Just like Carrey's character, ho-hum bank clerk Stanley Ipkiss who morphed into his hidden, inner-fantastical self, you can pretty much perform a similarly electrifying - and easy - transformation with all that barbecued food we love. (Didn't just about everyone in my tribute to frontline service folks last week say that "barbecue" spelled "summer fun"?)
Maybe it's a relic lurking in our limbic systems; maybe it's because just about every Canadian kid pokes a wienie on the end of a stick and hangs it over a smoky fire at least once in a magical childhood summer. Whatever. We love smoky flavours that echo what seem like happier, simpler, more delicious times.
It wasn't until I spoke with Dave Birkenhead, who's a line cook at Whistler's eternally classic Southside Diner and who was also part of my service tribute last week, that I realized he had such a cool idea it merited its own article (and here Dave's pals probably thought he didn't make the cut, eh?). I thought that smoking your own salmon, or anything, was as unlikely as Stanley Ipkiss becoming a superhero. Apparently not.
"Smoke salmon halfway and then finish it on the barbecue? Oh yeah," says Dave, who has fished all his life and loves to sit out and barbecue after a fishing trip to Ucluelet or the Interior. He learned pretty much everything you'd ever want to know about fishing and smoking fish from his grandfather, Jack Begg, a great sports fisherman who owned the original Barclay Hotel and Begg's Meat Market in Port Alberni.
To start, your best bet for smoking is a winter spring salmon. "They're nice and meaty and have a good oil content so they won't dry out like a sockeye or Coho," says Dave.
If you really get into it, there's an entire art to smoking fish, and myriad ways to do it - hot smoked, cold smoked, sweet smoked, and more. Luckily, the Internet provides all kinds of forums with people who have been smokin' food for years.

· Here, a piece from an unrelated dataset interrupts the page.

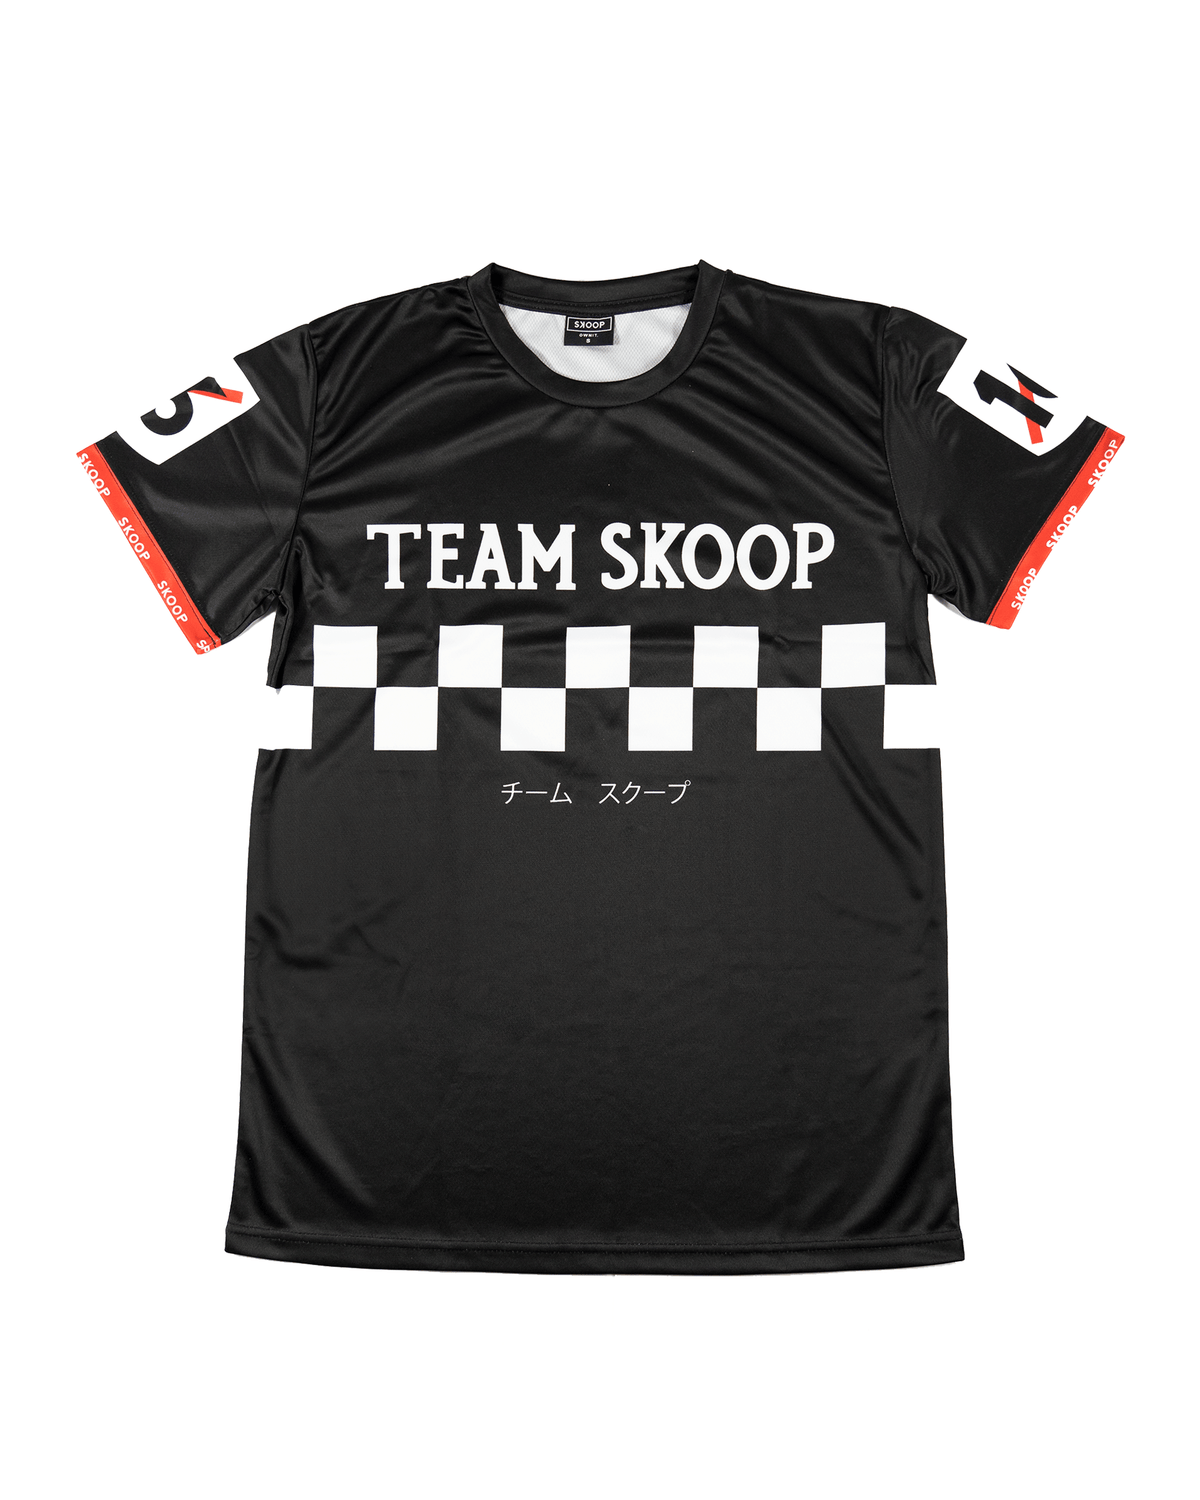 Team Skoop Cycling Black Jersey - Skoop Kommunity

Don't be intimidated; you'll get delicious results simply trying.
"I've never been able to come close to the quality of smoked fish that [my grandfather] would get," says Dave. "Really even flavour, good moisture content and tender all the way through." The secret is knowing your recipe, knowing your smoker and having patience.
So buy yourself a bag of wood chips at any hardware store - hickory and alder are popular - or cannibalize branches from pruned apple or cherry trees.